Background information
- Also known as: Cool Papa
- Born: Haskell Robert Sadler April 16, 1935 Denver, Colorado, United States
- Died: May 6, 1994 (aged 59) Berkeley, California, United States
- Genres: Blues
- Occupation(s): Singer, songwriter, guitarist
- Instrument(s): Human voice, guitar
- Years active: 1960s–1994
- Labels: TJ Records

= Haskell Sadler =

American blues musician

Haskell Robert "Cool Papa" Sadler (April 16, 1935 - May 6, 1994) was an American blues singer, songwriter, and guitarist.

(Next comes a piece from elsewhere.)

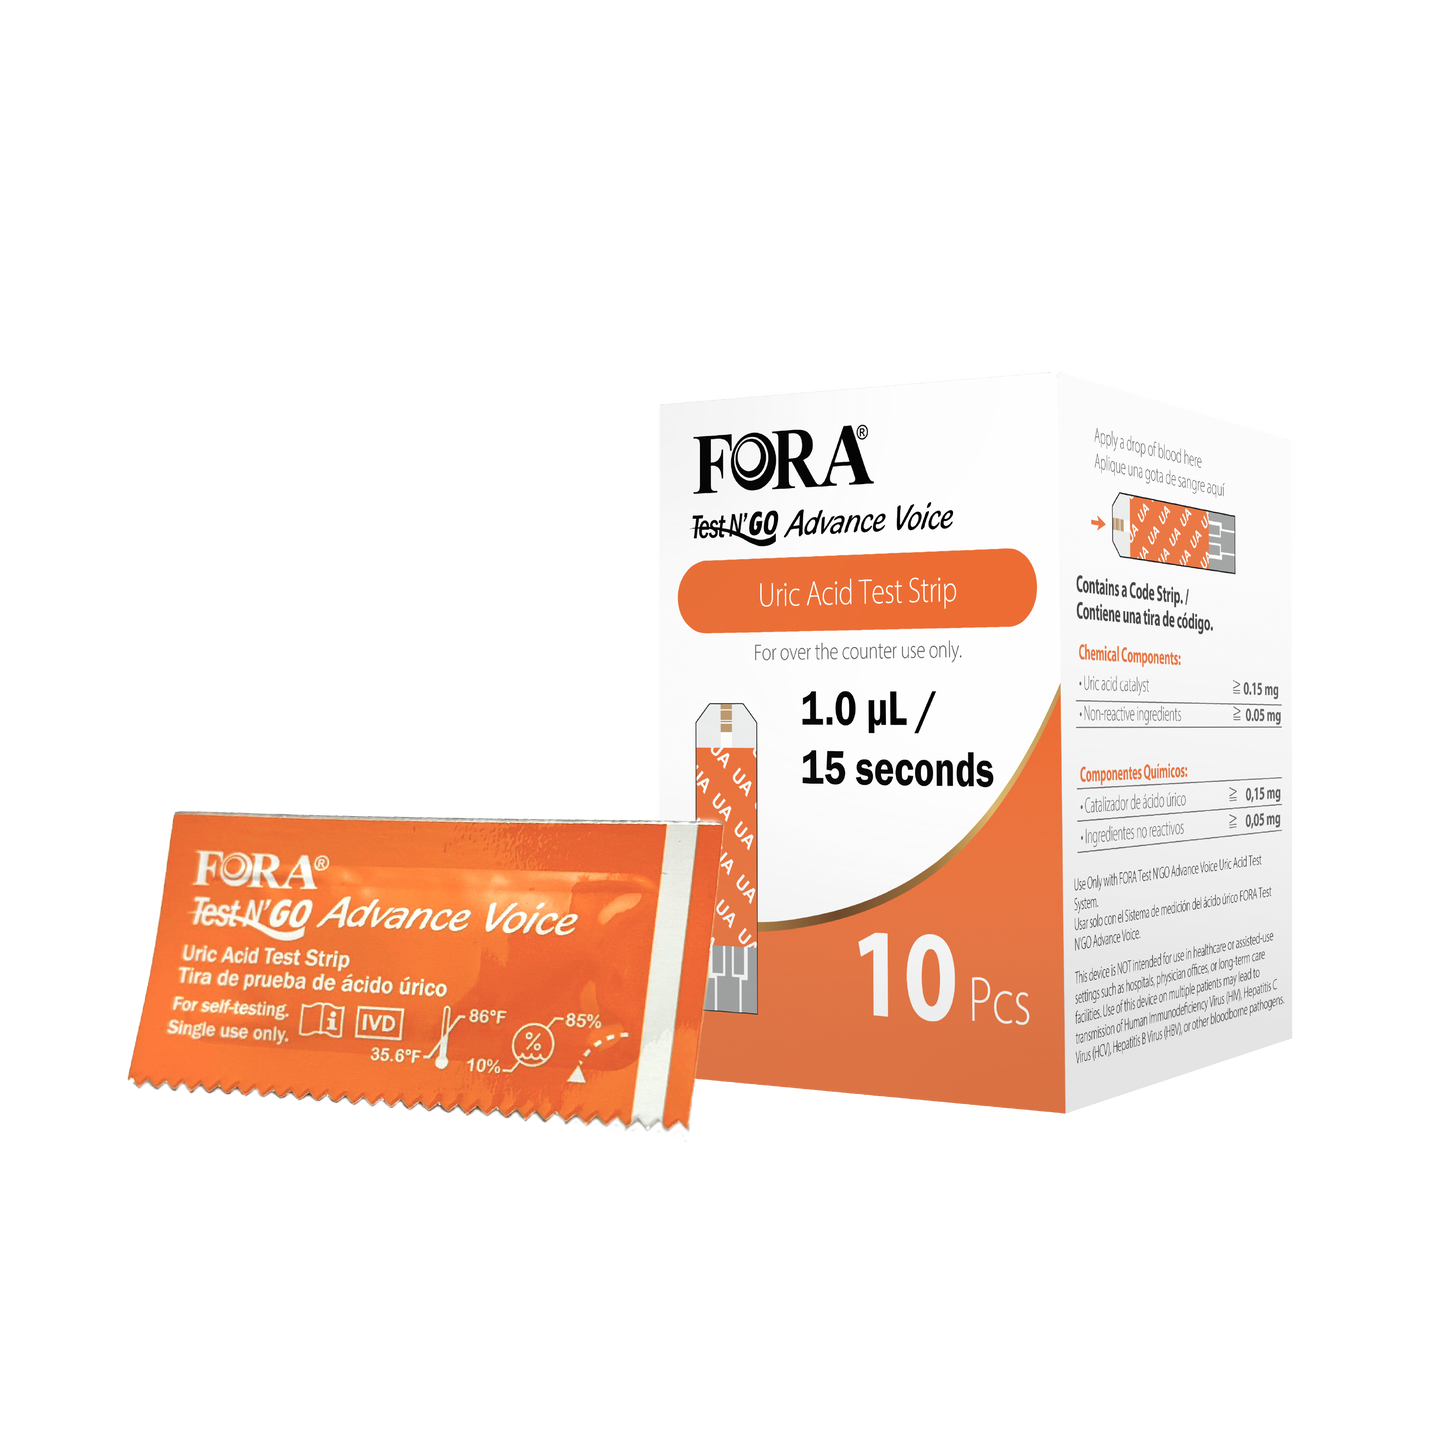 FORA Blood Uric Acid Test Strips (10pcs/box, Compatible with FORA Test N'Go Advance Voice Meter)

Born in Denver, Colorado, United States, Sadler moved to California and worked in clubs in the San Francisco Bay Area starting in the 1960s. He played a number of times at the San Francisco Blues Festival. Sadler wrote "747" as recorded by Joe Louis Walker, and "Yesterday" recorded by Tiny Powell. In the 1970s, he recorded as "Cool Papa" for TJ Records. Cool Papa proved to be a guiding hand to Gene "Birdlegg" Pittman, then a new arrival in the Bay Area, and Pittman played alongside Sadler for 13 years.

He developed diabetes, and had a leg amputated in 1990. He died, aged 59, in Berkeley, California, in 1994.